*Data segment*.
_____
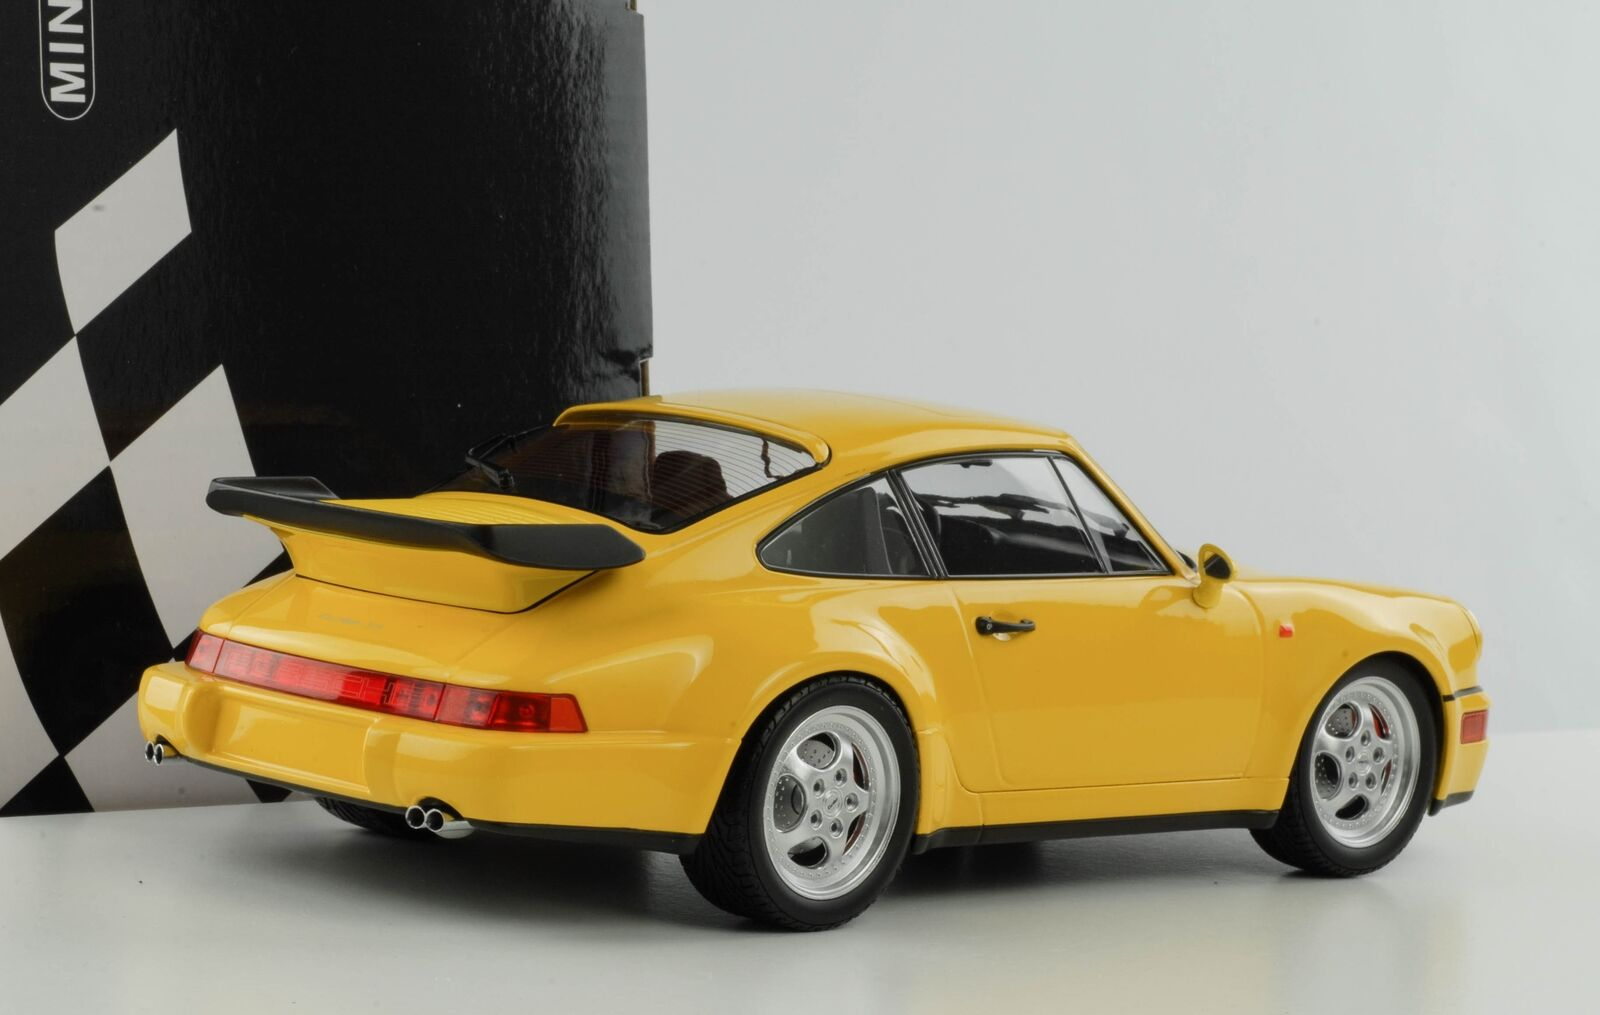 Porsche 911 964 3.6 Turbo Speedgelb diecast 1 18 Minichamps 155069100  | Reichlich Und Pünktliche Lieferung
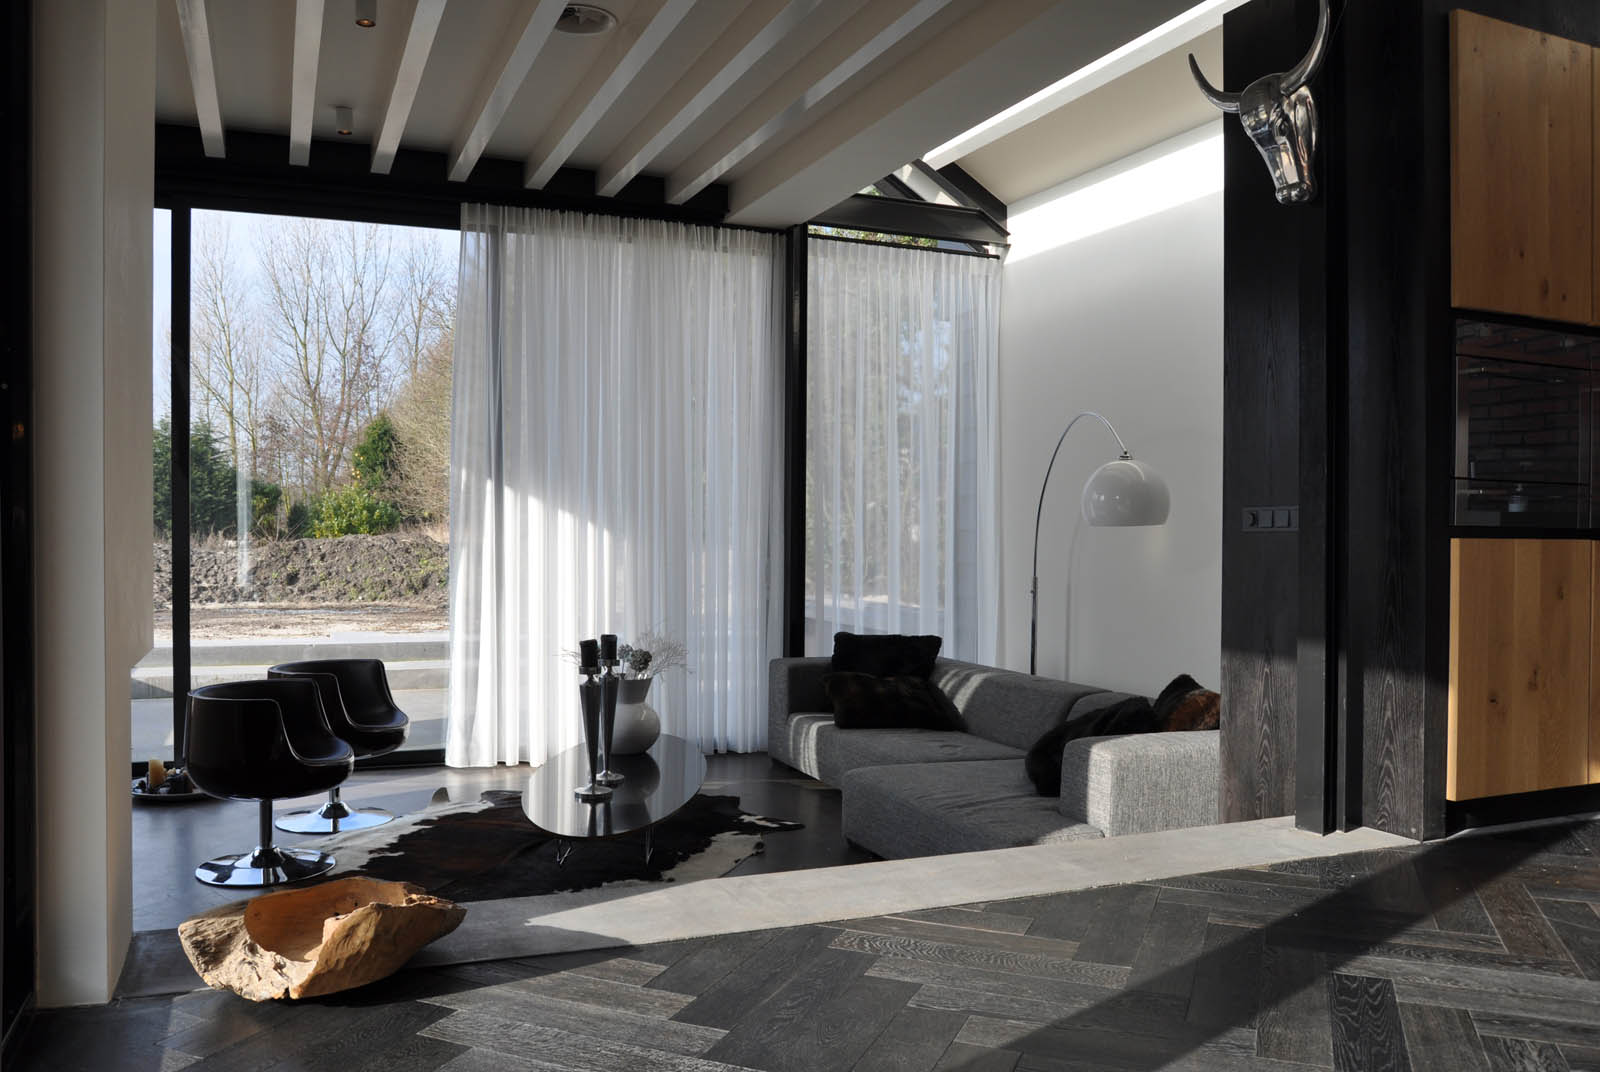 Serre, Villa Heiloo, by Jeroen de Nijs
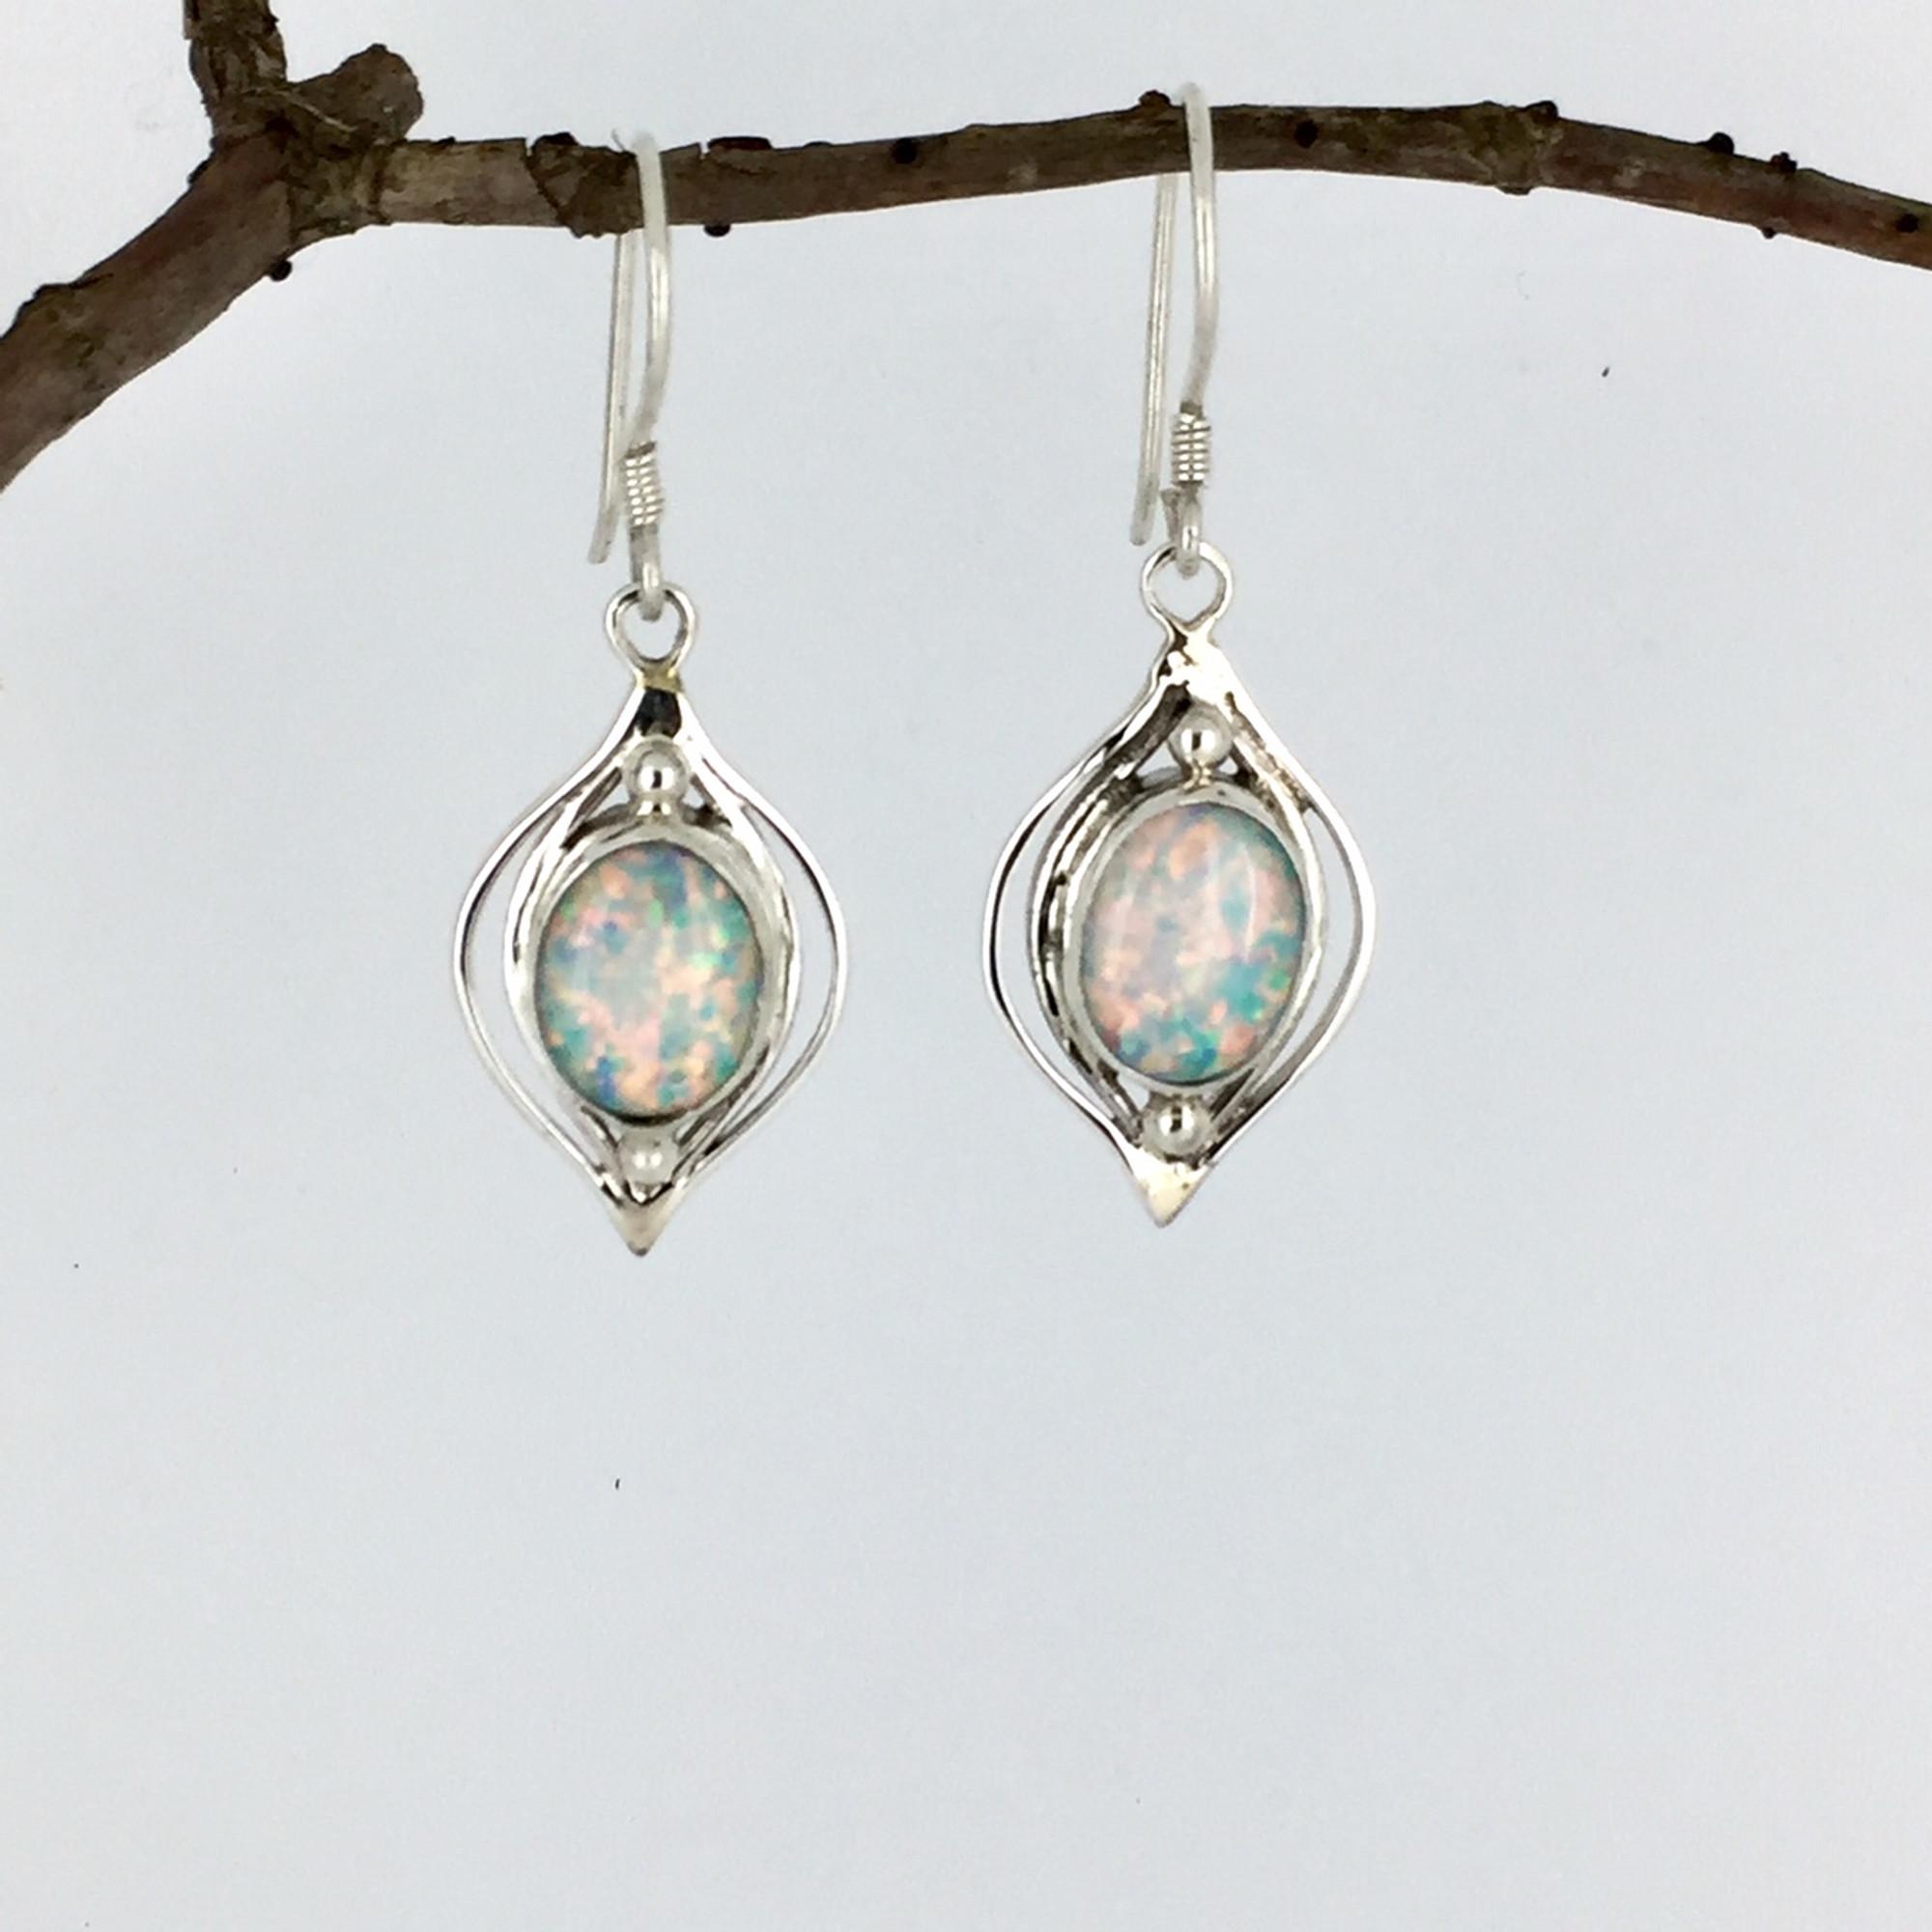 dd8843693 White Opal Oval Stone Sterling Silver Earrings - Mima's Of Warwick, LLC
_____
*Problem to work on*.
Repeat the lines above exactly, and keep every picture out.

*Task answer*.
 Porsche 911 964 3.6 Turbo Speedgelb diecast 1 18 Minichamps 155069100  | Reichlich Und Pünktliche Lieferung
 Serre, Villa Heiloo, by Jeroen de Nijs
 dd8843693 White Opal Oval Stone Sterling Silver Earrings - Mima's Of Warwick, LLC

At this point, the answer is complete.